森友学園関連の国会推移を見極めるため投稿を中断していた。

 

 何が飛び出すかわからないと思っていたが新事実というほどのものはなかった。籠池氏は、偽証罪の危険に挑むように、これまでの主張を補強・断言した。その明白な証拠といえるほどのものはない。

 

反面、籠池氏を偽証罪に提訴できるような材料もない。参院・予算委員会の官僚参考人の証言も予想の範囲を出るものはない。各会議では、真偽を明らかにするため首相夫人などを、籠池氏と同条件の「証人喚問」するよう野党から要求が出たが、少数否決で実現は無理。

 

前に書いていた、右翼同士の「宣戦布告」にはなった。しかし、国会ではここで撃ち止め、幕引きとなることは当初から想定していた。それで、舞台を関西に移し、大阪府の百条委員会として真相解明を解明するよう、これも以前からの主張である。

 

今回の証人喚問で、ほとんど取り上げられなかった籠池発言がある。
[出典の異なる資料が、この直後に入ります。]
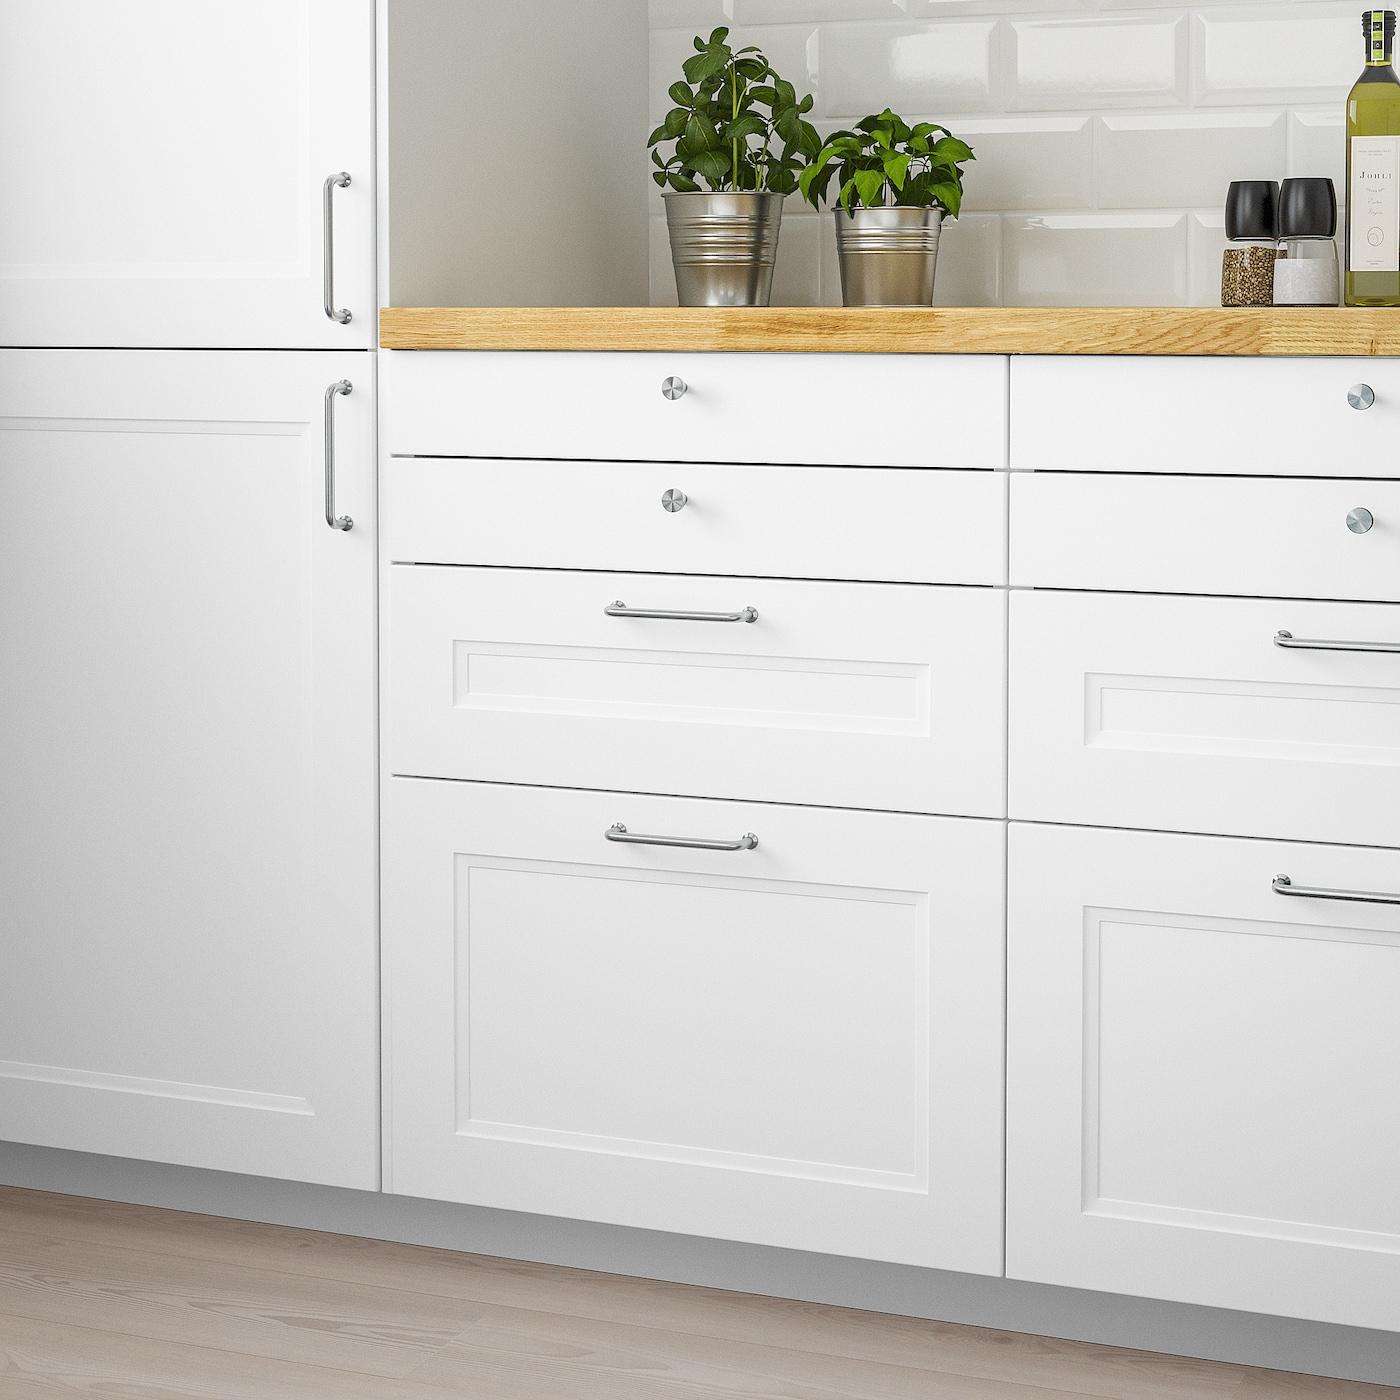 AXSTAD Drawer front - matt white 9x9 cm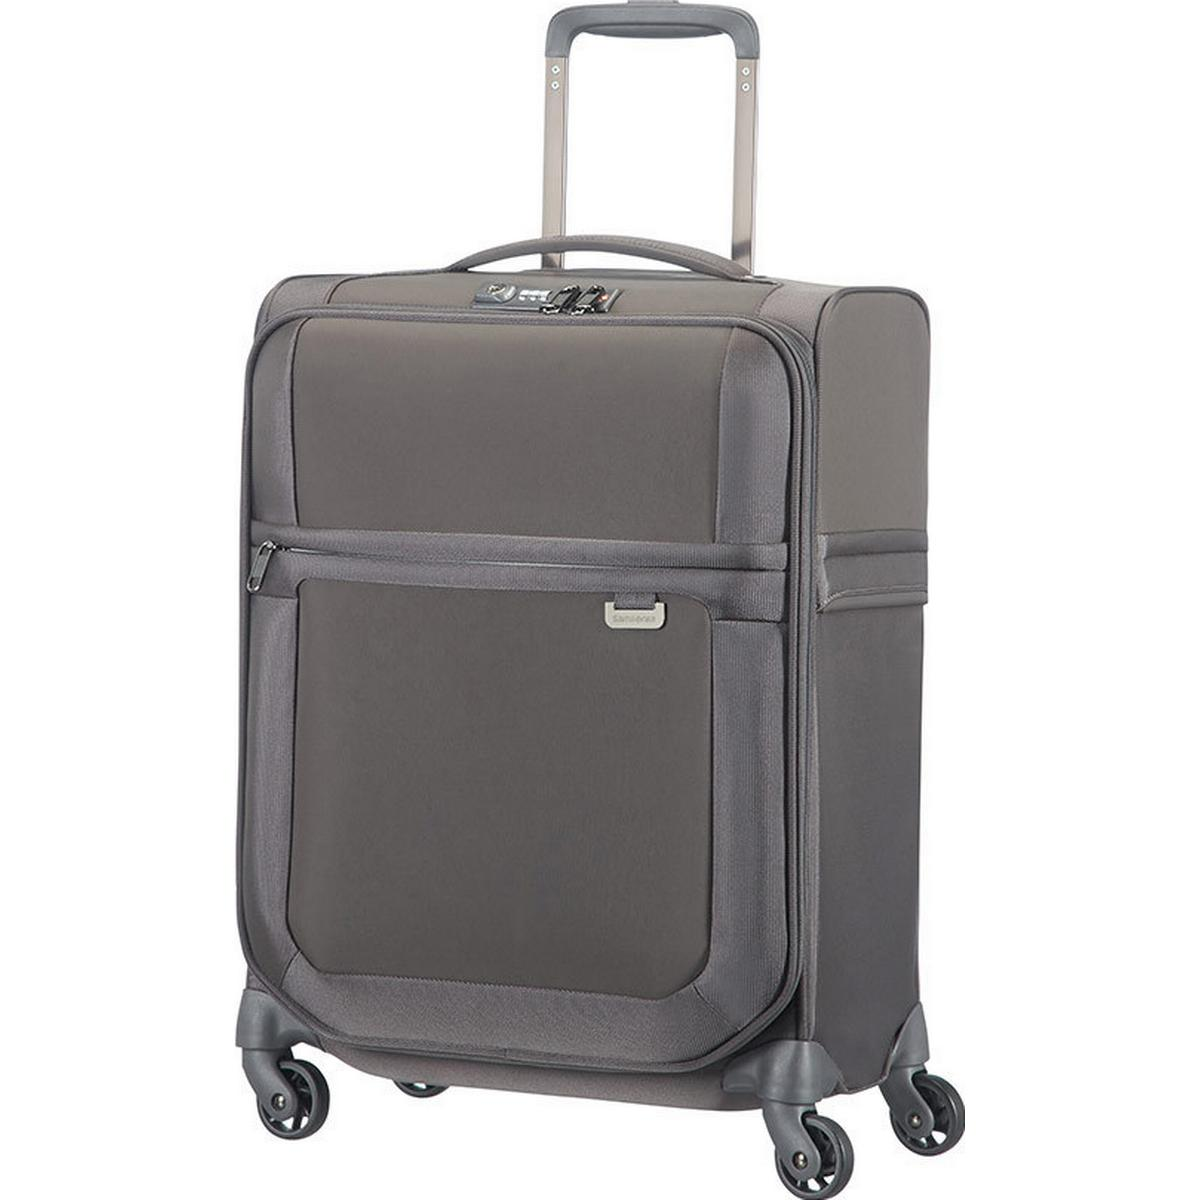 Kabinekuffert (500+ produkter) hos PriceRunner • Se

「幼児教育方針に行き過ぎた点があり、これを反省しお詫びする」というくだりである。多分、教育勅語斉唱や安倍首相礼賛唱和などのことだろう。

 

首相周辺や森友学園支持者からは、こういったことに感動したとか教育方針に全面的共感したということは表明されているものの、反省とかお詫びということは聞いたことがない。

 

事実の究明だけで、問題のもっとも本質的な部分が抜け落ちているのだ。証人喚問の後、籠池氏は外国人記者クラブから呼ばれて取材を受けたが、外国人記者の関心はことのほか高かったという。

 

中国でも、この件は外電トップクラスの扱いになっているようだが、日本の右傾化がこの先どう推移するのか、欧米などの先を占う上でやはり関心事なのであろう。森友学園問題は大げさのようだが、日本や世界の将来に関係があるのだ。

 

右翼同士の戦闘は格好な世論喚起のきっかけになる。籠池さんは、偽証罪に問われなくても申告の詐欺とか、債務不履行など、民事・刑事の訴訟を受けるだろう。一方、同氏にも、「はしごをはずされた」など、真相を究明するため司法手段で戦う権利がある。

 

幕引きではなく、保守陣営の実体を明らかにするための努力は続けてほしい。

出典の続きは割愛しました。